We can probably make it longer by using a more convoluted expression. For instance, I think it should still be irreducible if we use -~RegExp instead of -~[].

Answer 4

Retina 0.8.2, 11 12 15 bytes

\A`[^\\](?<=\\)

Try it online! Explanation: The \ suppresses the trailing newline, without which the program fails to be a cat program. The A` is required to identify the stage as an AntiGrep rather than a Match stage (which would just output the count of something). For the output to match the input, the pattern must fail to match; this is done by matching any non-\ and then ensuring that the character was actually a \; this character was chosen because it needs to be quoted, making the pattern longer.

I also looked into the other stage types Retina has to see what the best I could do for them was.

• Deduplicate - best I could do was \D`() (5 bytes) deduplicate all empty strings
• Grep - best I could do was \G` (3 bytes) keep everything
• Match - best I could do was \!`(.|[^.])+ (12 bytes) match everything
• Sort - best I could do was \O$` or \O`$ or similar (4 bytes) sort in original order or sort nothing
• Replace - best I could do was a single newline (1 byte) replace nothing with nothing - this means that all Retina cat programs that contain a newline can be reduced to 1 byte
• Split - best I could do was \S`\n (5 bytes) split on newlines and join with newlines
• Transliteration - best I could do was \T` (3 bytes) translate nothing

Answer 5

Japt, 125 bytes

I'm very far from sure that this is valid but I am somewhat sure it can be beaten!

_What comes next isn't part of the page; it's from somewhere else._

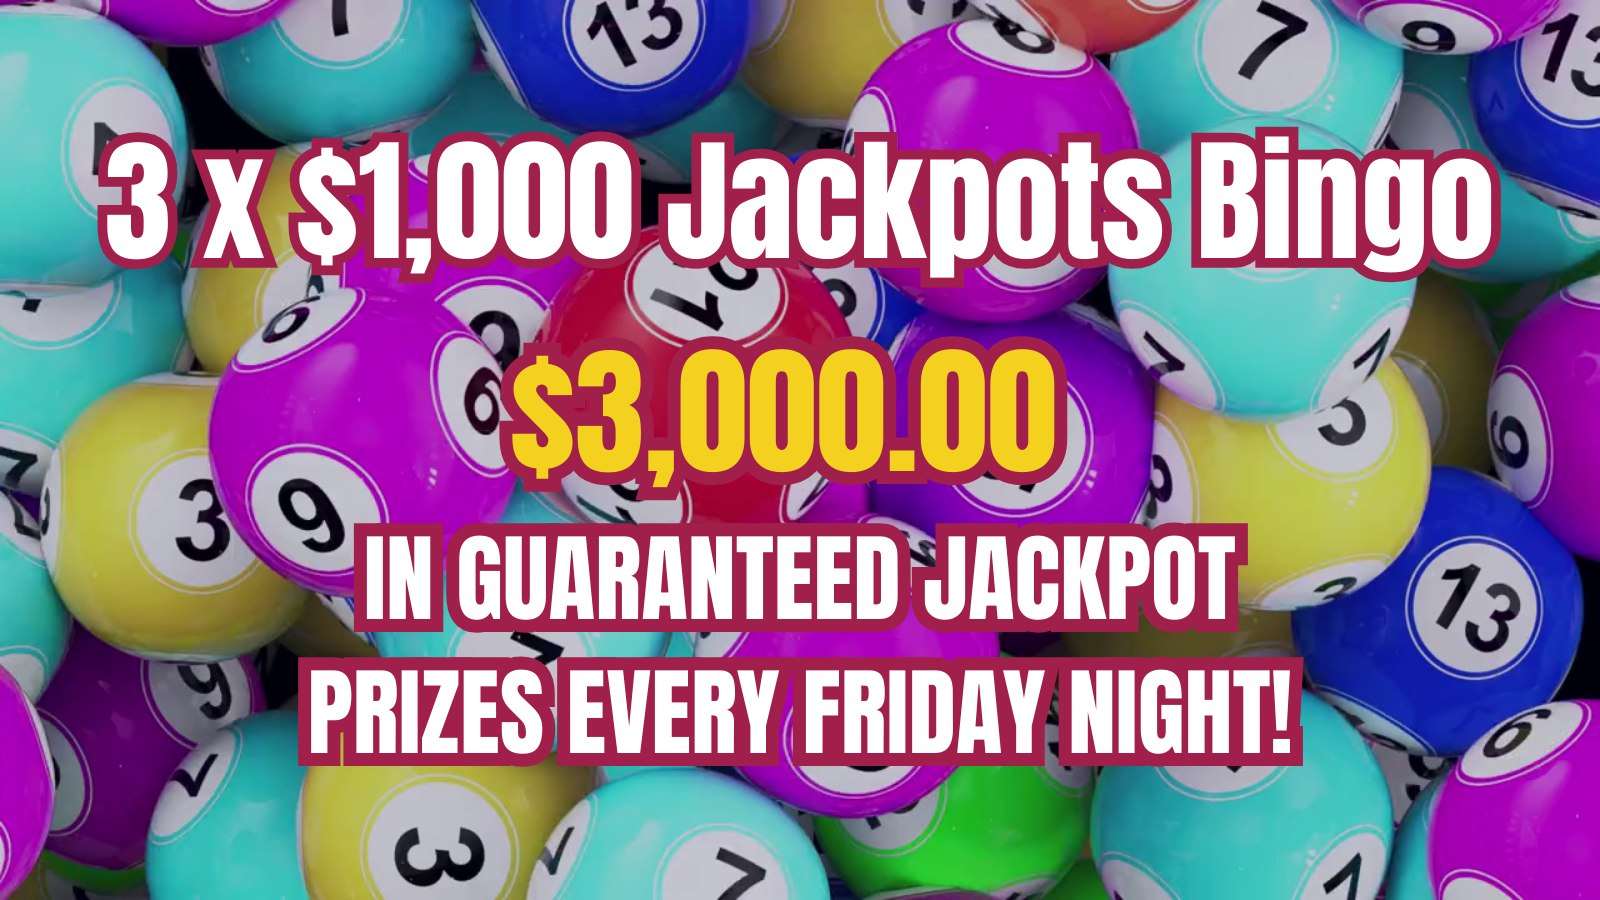 3 x $1000 Jackpots Bingo - $3,000.00 in guaranteed jackpot prizes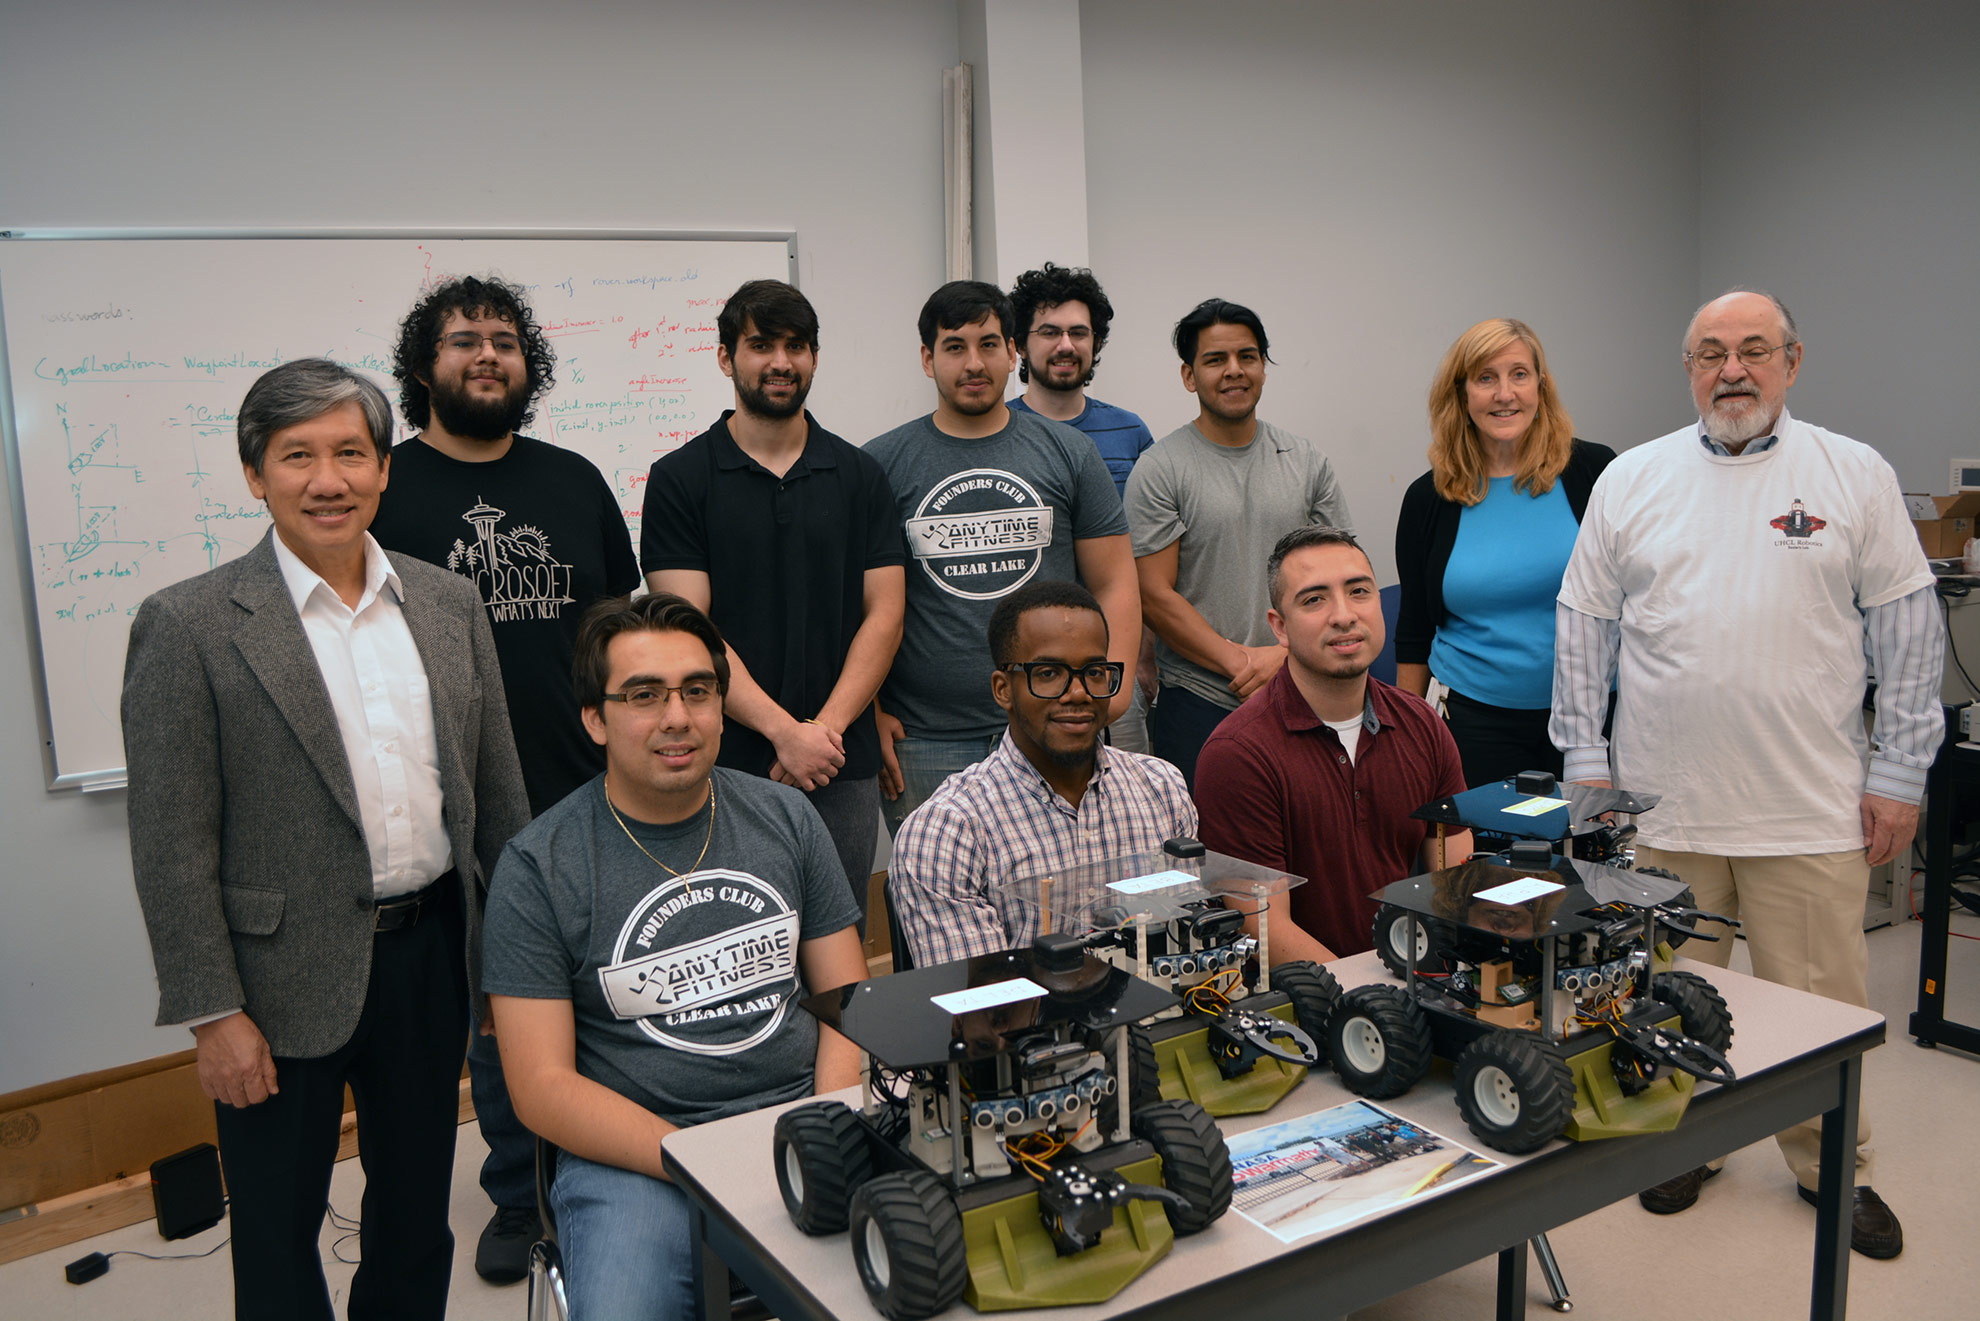 UHCL Swarmathon team pushing robotics to new frontiers

Ov"11111111111111111111111111111111111111111111111111111"n2 a"11111111111111111111111111111111111111111111110110001"n2  d  qR

Try it

Answer 6

Python 3, ^{8+(10*(85+(10*749535276648396287585636512750330369605831039396714237143337)))} infinite bytes

exec("\U0000006e\U0000003d\U00000030\U0000003b\U00000063\U0000003d\U00000022\U00000030\U00000030\U00000030\U00000030\U0000002e\U0000002e\U0000002e\U0000002e\U0000002e\U00000022\U0000000a\U00000066\U0000006f\U00000072\U00000020\U0000005f\U00000020\U00000069\U0000006e\U00000020\U00000063\U0000003a\U0000006e\U0000002b\U0000003d\U00000031\U0000000a\U00000073\U0000003d\U00000062\U00000079\U00000074\U00000065\U00000061\U00000072\U00000072\U00000061\U00000079\U00000028\U00000029\U0000000a\U00000077\U00000068\U00000069\U0000006c\U00000065\U00000020\U0000006e\U0000003a\U00000073\U0000002e\U00000061\U00000070\U00000070\U00000065\U0000006e\U00000064\U00000028\U0000006e\U00000026\U00000032\U00000035\U00000035\U00000029\U0000003b\U0000006e\U0000003e\U0000003e\U0000003d\U00000038\U0000000a\U00000065\U00000078\U00000065\U00000063\U00000028\U00000073\U0000002e\U00000064\U00000065\U00000063\U0000006f\U00000064\U00000065\U00000028\U00000029\U00000029")

The exec("") adds 8 characters, and unicode-escapes multiply the count by 10.

Decoded:

n=0;c="\U00000030\U00000030\U00000030\U00000030....."
for _ in c:n+=1
s=bytearray()
while n:s.append(n&255);n>>=8
exec(s.decode())

This decoding routine adds the 85 characters.

The string inside c is the actual code, encoded in unary, with a unicode-escaped 0 character per unary digit.

This is too large to fit in the observable universe (approximately $$7.5 \times 10 ^ {60}$$ characters long), hence no TIO link.

The unary is then decoded and executed, to get a cat program:

while True:print(input())

I'm pretty sure you could recursively repeat these steps ad infinitum and it would still be irreducible (so I win by default), but I thought I'd keep my answer as an example finite.